AI: artificial intelligence
ER: emergency room
NLP: natural language processing

Edited by T de Azevedo Cardoso; submitted 15.11.23; peer-reviewed by F Liu, B Oronti; comments to author 26.01.24; revised version received 02.02.24; accepted 29.04.24; published 27.06.24.

Copyright

©Adi Lahat, Kassem Sharif, Narmin Zoabi, Yonatan Shneor Patt, Yousra Sharif, Lior Fisher, Uria Shani, Mohamad Arow, Roni Levin, Eyal Klang. Originally published in the Journal of Medical Internet Research (https://www.jmir.org), 27.06.2024.

This is an open-access article distributed under the terms of the Creative Commons Attribution License (https://creativecommons.org/licenses/by/4.0/), which permits unrestricted use, distribution, and reproduction in any medium, provided the original work, first published in the Journal of Medical Internet Research (ISSN 1438-8871), is properly cited. The complete bibliographic information, a link to the original publication on https://www.jmir.org/, as well as this copyright and license information must be included.
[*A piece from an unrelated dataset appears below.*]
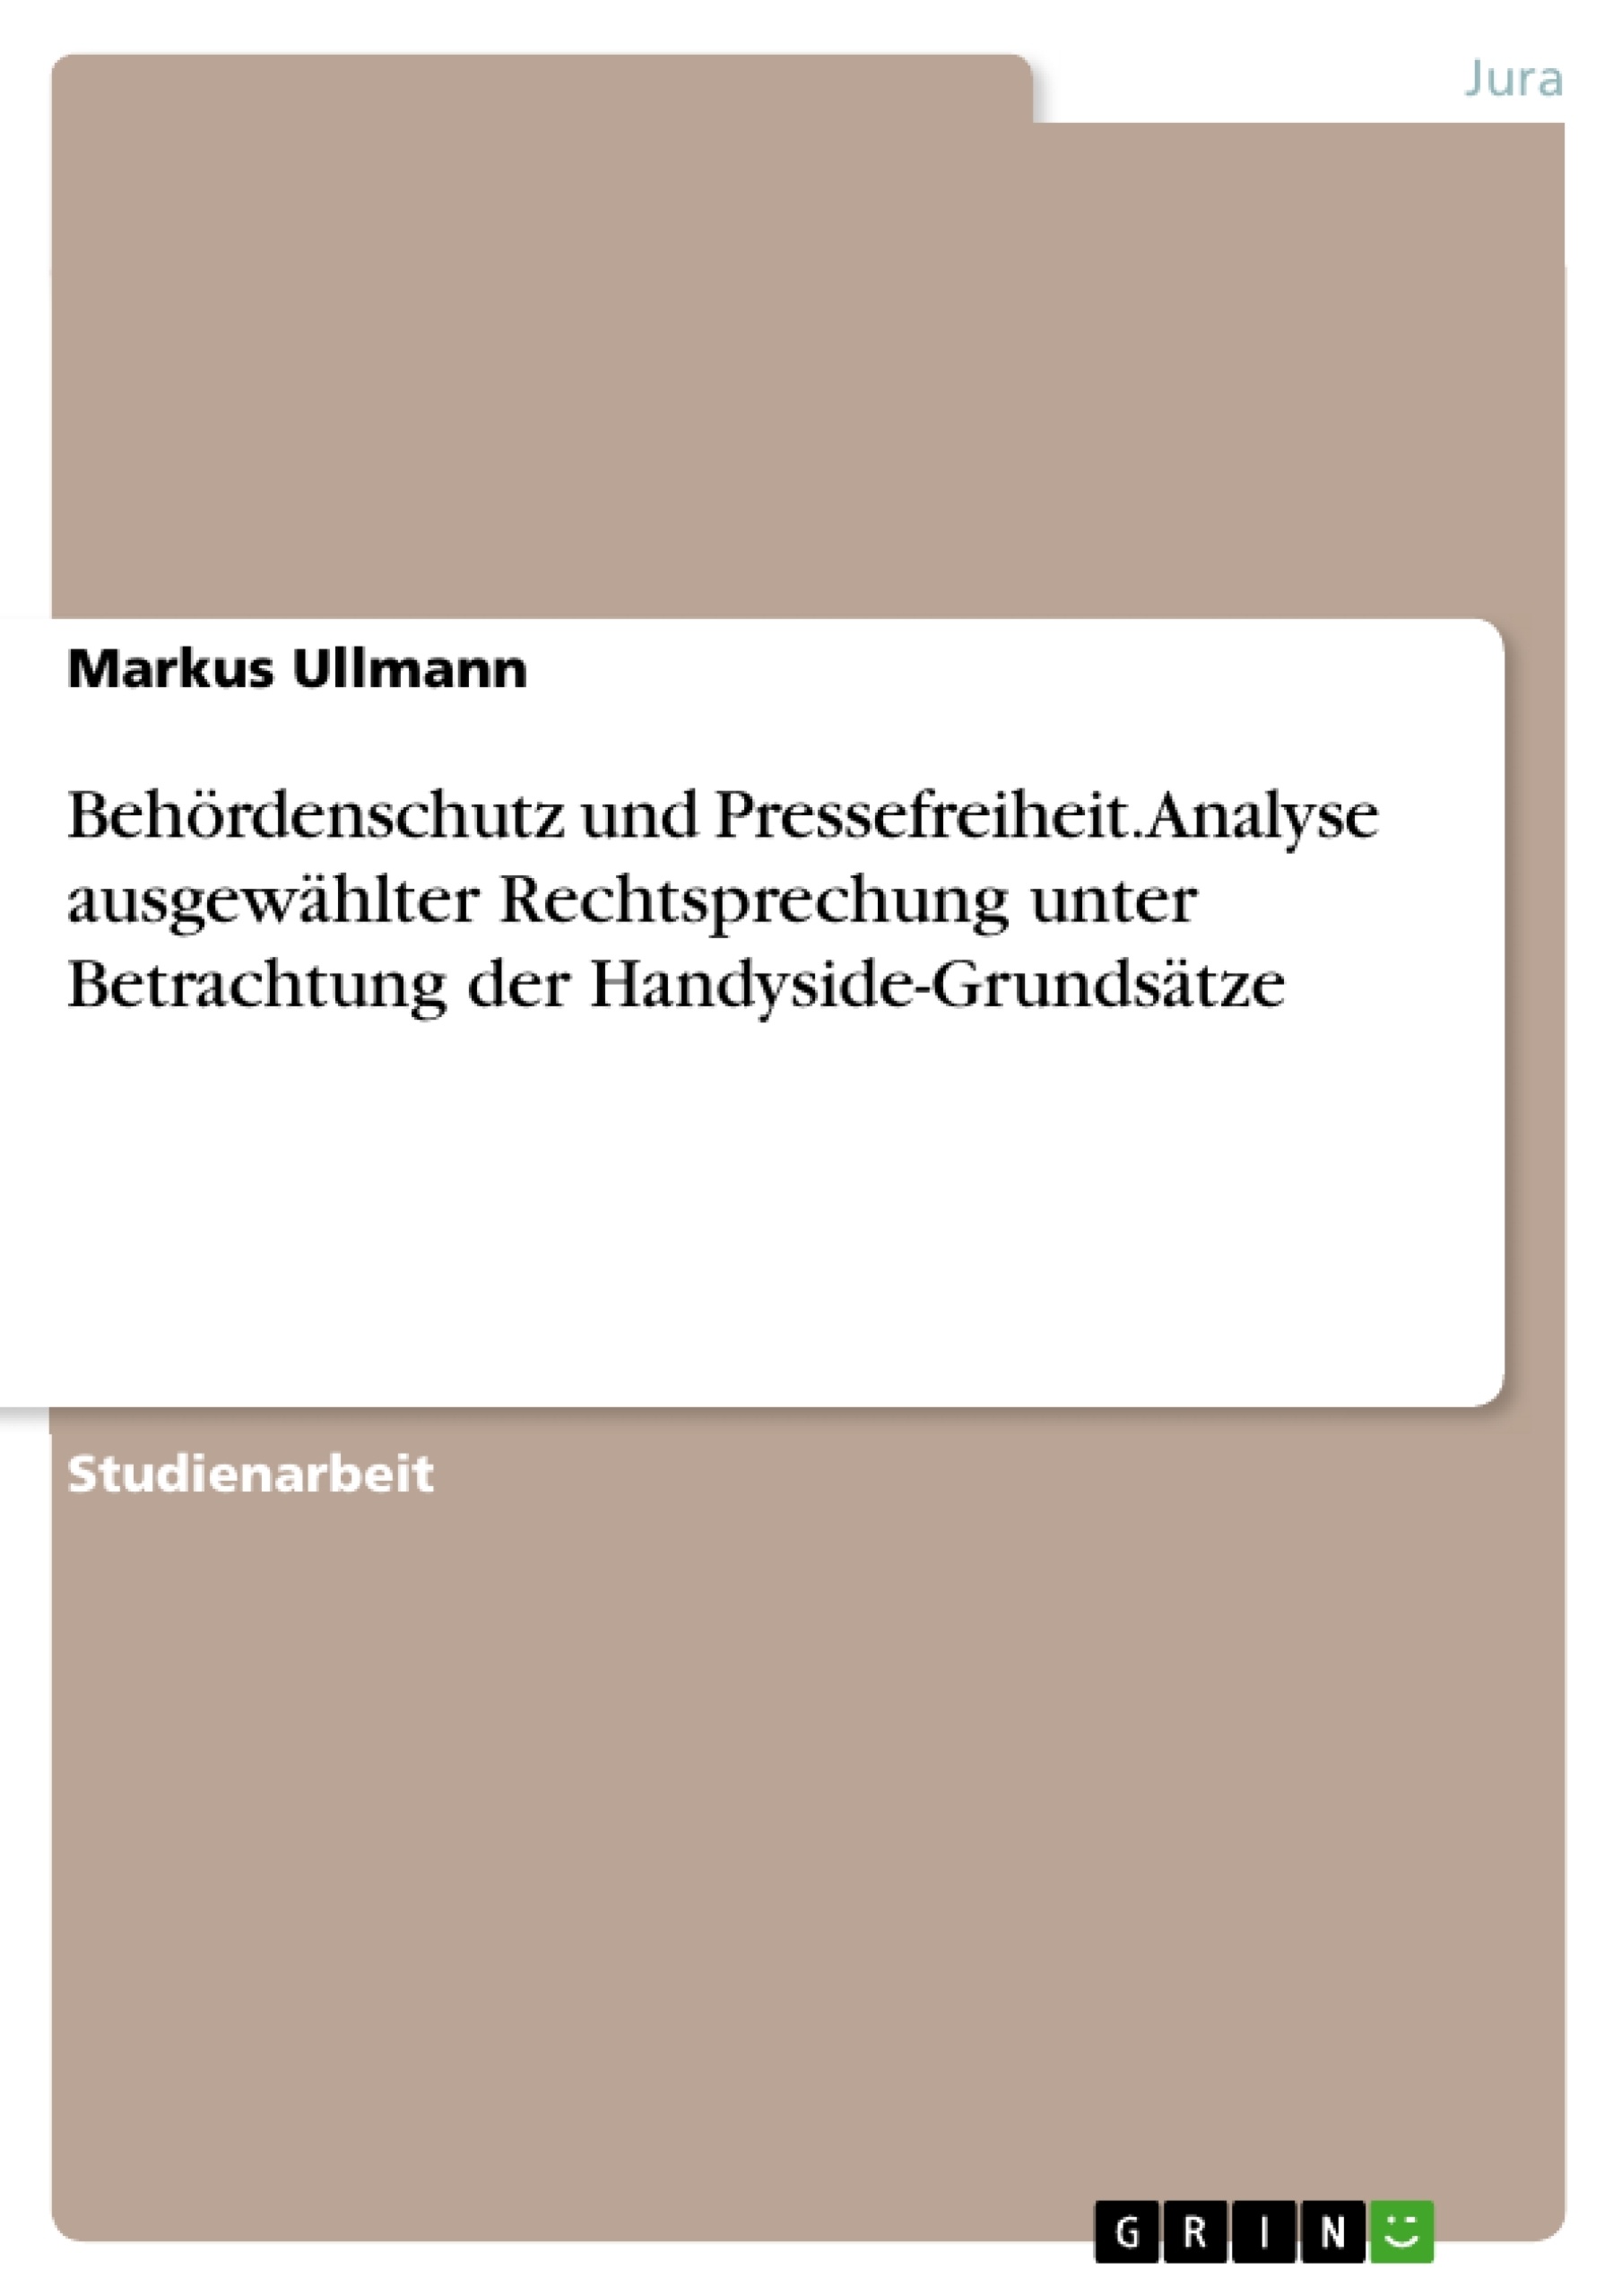 Title: Behördenschutz und Pressefreiheit. Analyse ausgewählter Rechtsprechung unter Betrachtung der Handyside-Grundsätze
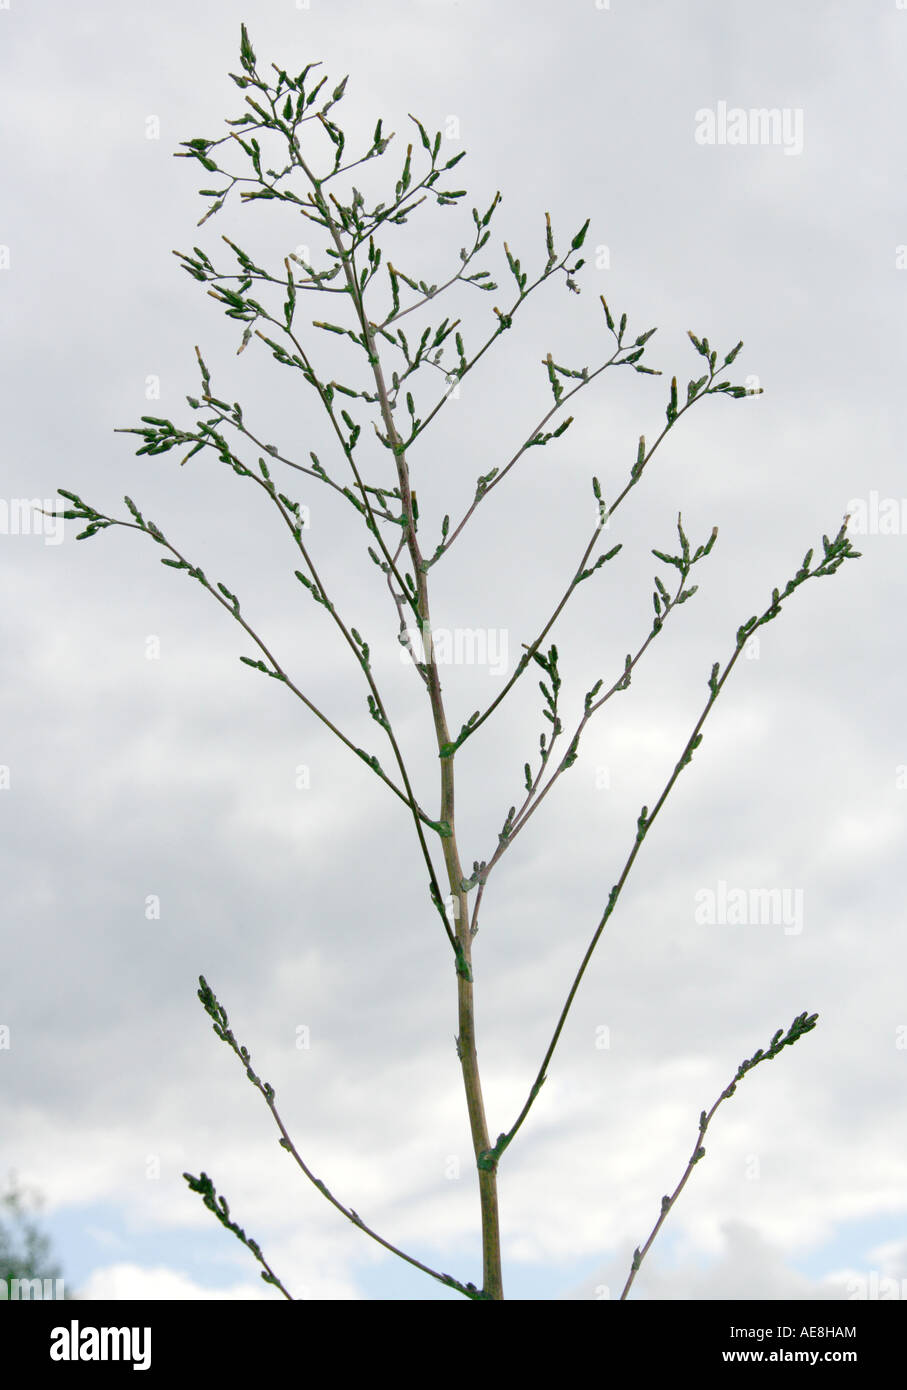 Laitue, Lactuca serriola, Asteraceae, composées Banque D'Images

Assessing Generative Pretrained Transformers (GPT) in Clinical Decision-Making: Comparative Analysis of GPT-3.5 and GPT-4 (2024)
Top Articles
Latest Posts
Article information

Author: Allyn Kozey

Last Updated:

Views: 6373

Rating: 4.2 / 5 (43 voted)

Reviews: 90% of readers found this page helpful

Author information

Name: Allyn Kozey

Birthday: 1993-12-21

Address: Suite 454 40343 Larson Union, Port Melia, TX 16164

Phone: +2456904400762

Job: Investor Administrator

Hobby: Sketching, Puzzles, Pet, Mountaineering, Skydiving, Dowsing, Sports

Introduction: My name is Allyn Kozey, I am a outstanding, colorful, adventurous, encouraging, zealous, tender, helpful person who loves writing and wants to share my knowledge and understanding with you.